Notre Communauté néo-algérienne n'a pas de nom. Vers 1958, les médias choisissent pour en parler ce terme, inconnu de notre communauté, et franco-français. Tout le monde nous rejette, (haro sur le baudet), pour avoir redonné vie à une Algérie perdue depuis mille années, ...nous faisant porter le chapeau pour des actes que d'autres ont commis. Quel ouvrier, quel cultivateur, instituteur ou médecin, fonctionnaire ou chercheur, d'où qu'il soit, peut-il avoir autant de tares? Et si les militaires ont fauté, n'est-ce pas sur ordre des gouvernements élus par les Français? Ici et maintenant la question est de savoir quel nom transmettre à la postérité et pourquoi? L'identité de notre communauté cosmopolite était liée à la diversité de ses origines depuis le début de la colonisation. Les Européens d'Algérie se désignent eux-mêmes volontiers comme Algériens. Terme devenu caduc en 1962, pour ne représenter que les envahisseurs précédents; les Arabes. Le "droit du premier occupant" nous est opposé, mais pas le "droit du sol" que les même inventent aujourd'hui. Le droit a ses revers comme les politiques qui le font, la vérité d'aujourd'hui sera mensonge demain.

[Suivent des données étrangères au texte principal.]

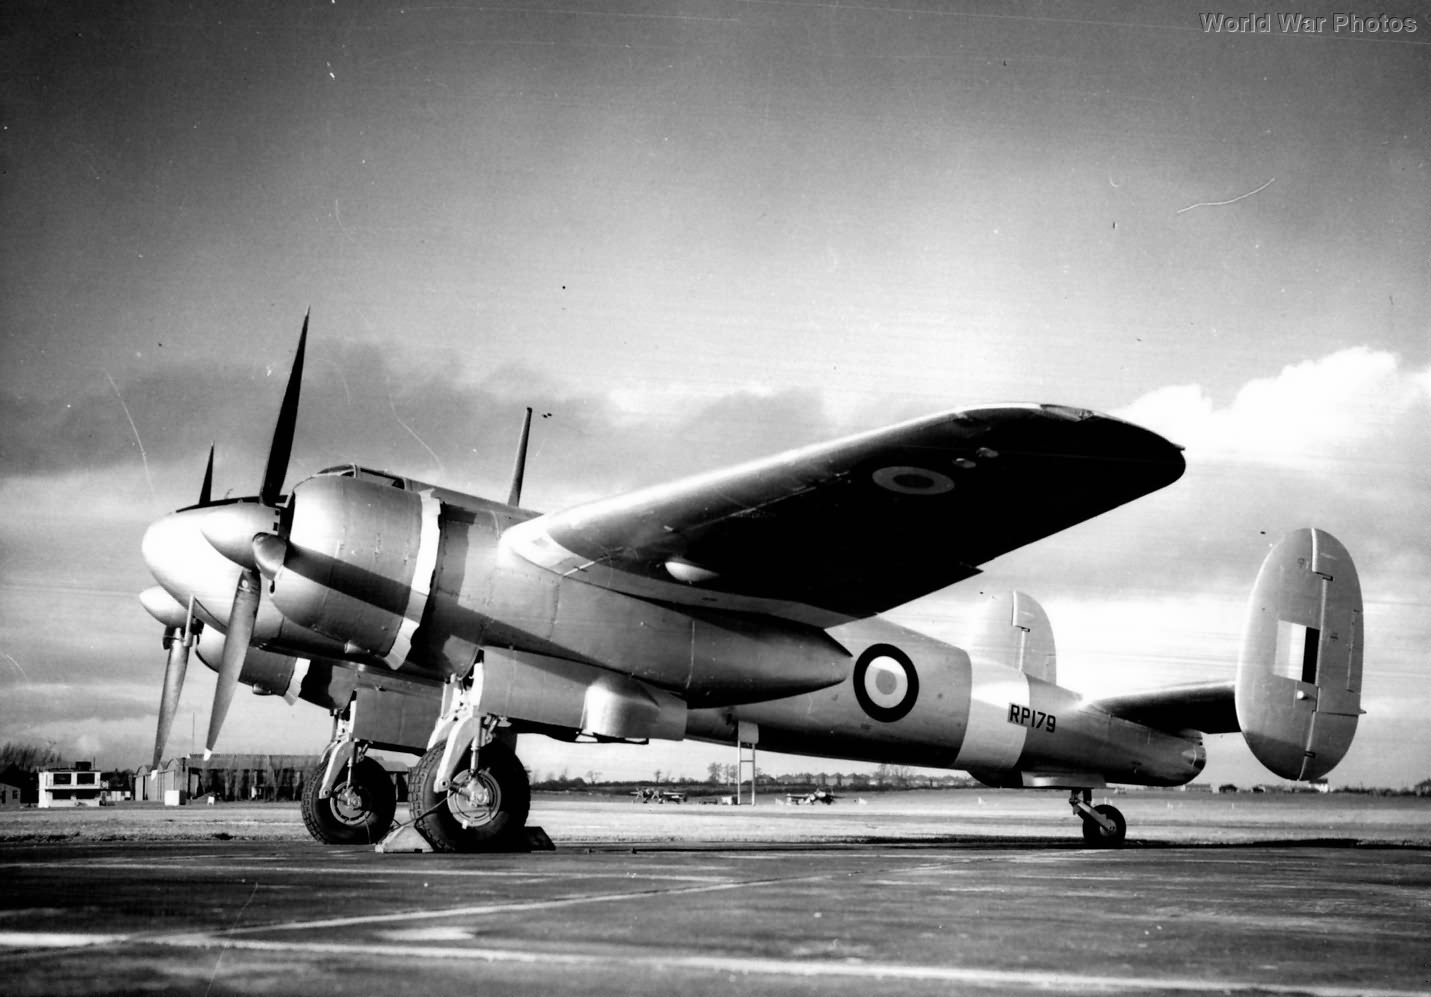 Buckmaster T Mk 1 RP179

On nous a fait croire que l'origine de Pieds-noirs est la couleur des chaussures des soldats de Bugeaud. Foutaise; on nous l'a dit, par esprit malin et pour nous rabaisser, nous mettre à merci. Nous avons laissé dire, par fatigue et privation de nos réflexes de défense. Quel pieds-noirs l'a accepté vraiment? Lâchez une calomnie convenant à la majorité et la rumeur en fera une vérité. Ce terme est Français et ne doit absolument rien aux Arabes. Banal, lors de son invention chez les marins, parce qu'il signifiait quelque chose, il est devenu insultant lorsqu'on l'a dévoyé du sens initial. Pour justifier la version fausse il eût fallu que l'expression existât en langue arabe...! Et ce serait "chaussures noires" et non pas "pieds noirs". Qui peut affirmer avoir entendu les Arabes prononcer à notre égard, avant les événements, l'expression "pieds-noirs" en français, ou "Rjel Khal" en arabe. Rien, oualou...! Les autochtones ne nous ont jamais dénommés que par le mot Roumi laissé par les Romains bien avant l'occupation arabe, ou Nosrani ou Ensara (de Nazareth), nom donné par les pirates Turco-barbaresques aux Chrétiens, enlevés en mer puis réduits à l'esclavage. Ils employaient aussi Gaouri, dont l'origine est certainement Giaouri, que les Turcs utilisaient pour désigner, par mépris, les non-musulmans, puis encore Francaoui quelquefois, lorsqu'ils étaient sûrs de l'origine française.

Les dés sont jetés maintenant; les blessures ont perdu de leur vivacité et faisant contre mauvaise fortune bon coeur, notre sagesse aidant, nous avons accepté ce baptême incongru. Devant ce fatras de connaissances mal assimilées, nous avons consolidé notre vérité. On s'y ralliera ou la rejettera; c'est le rôle du chercheur de prendre ce risque et de l'offrir à ses amis. "pieds-noirs" avez-vous dit, "Pieds-Noirs" nous resterons. Quelqu'un me disait: "maintenant on l'accepte, par défi". Reflet d'une grande sagesse, comme une consolation qui confirme le mauvais accueil fait à ce surnom honni, inconnu avant les événements. Un élément nouveau apparaît, "explication a posteriori" d'aspect psychologique peut-être et tant mieux car notre moral compte aussi. Si nos pères, nos aïeux n'ont pas vu reconnaître leurs qualités de courage, volonté et pugnacité et d'abnégation dans la difficulté, il y a fort heureusement une justice immanente. Un sobriquet nous est affecté par hasard, et d'une certaine manière le destin fait bien les choses.